The influence of Ashcan realist Robert Henri on his student Edward Hopper is not impossible to grasp. In 1935, Hopper himself said, "You must not forget that I was for a time a student of Henri's who encouraged all his students to try to depict the familiar life about them." However, the influence of Henri on Vaclav Vytlacil, one of the members of the American Abstract Artists group, is not easy to identify; and Vytlacil's influence on his student Robert Rauschenberg may be even less evident. Still, the importance of the teacher as conveyer of art wisdom becomes clear if one looks at the line connecting the three artists as representing the most progressive thought in American art during their respective primes for the first six decades of the twentieth century.

Those who currently attempt to teach a specific style often find themselves in battle with iconoclastic students. "Josef Albers was, for me, more a source of aggravation than of inspiration," painter Audrey Flack, who studied with Albers at Yale University in the early 1950s, said. "He was a very rigid man with very rigid ideas. He wanted me, he wanted everyone, to paint squares and, if you didn't, he gave you trouble. I was then an abstract expressionist trying to be a realist. We couldn't even get models to work from. Albers had us all doing squares, in effect, to make clones of himself." However, the experience of studying with Albers wasn't all negative for Flack. Being in the presence of such an artist was compelling in itself since "he recognized talent, and you knew that he knew." To be identified as having talent by Albers was an inspiration in itself, even though the pursuit of that talent often set up a battle zone in the studio.

One of the immeasurable qualities of an inspiring teacher is a good eye, especially when students are shown how to see (and, therefore, how to create) in a new way. Harry Callahan, who founded and headed the photography department at the Rhode Island School of Design, was legendary for his ability to invigorate the work of his students. Emmet Gowin, a Callahan student during the mid-1960s, credits his teacher with helping to shape his own ideas about art and the world around him. Gowin noted that the "transmission of knowledge was actually very indirect. You were learning in the presence of someone else's thinking, seeing how Callahan identified the task and what his attitude to the task was. He had the kinds of standards for photography that were new to me."
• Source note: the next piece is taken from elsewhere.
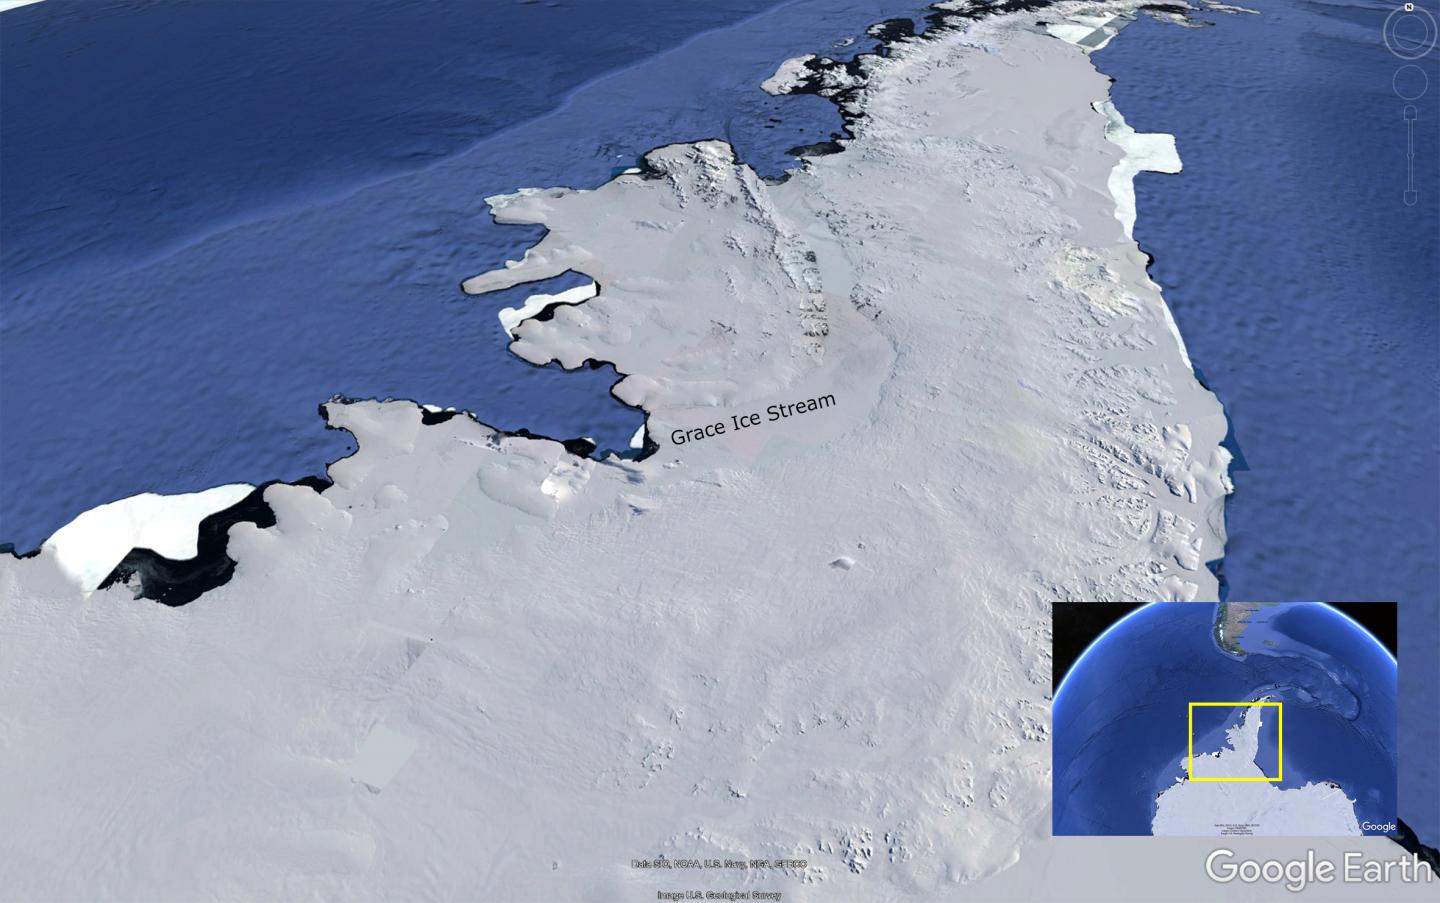 Antarctic Glacier

Gowin came to Callahan's first class with a painting and graphic design background, but found his confidence shaken within the first hour. Callahan asked his students to show their photographs to each other. He left the room for a period of time and then returned, walking around the class and looking at various students' work. When he saw Gowin's photographs, he remarked, "You're really going to have to learn how to print" before walking on. "I thought these photographs were the best I could do," Gowin recalled, "but his comment indicated to me that I had to go a lot further than I had in understanding my subject. It was hard to know what he actually meant--was he referring to technical or perceptual problems? -- and I think it was wise of him to leave it wide open. His comments were like tarot cards; you wonder if the message was meant for you or for someone else, but you search for applications and generally find them. At other times, he would indicate what the problem was and then say he didn't know how to solve it, leaving me to think about it. I spent a lot of time rethinking and reworking those pictures I had brought in that first day and, a few weeks later, I brought them in to show them, and he told me that they were better."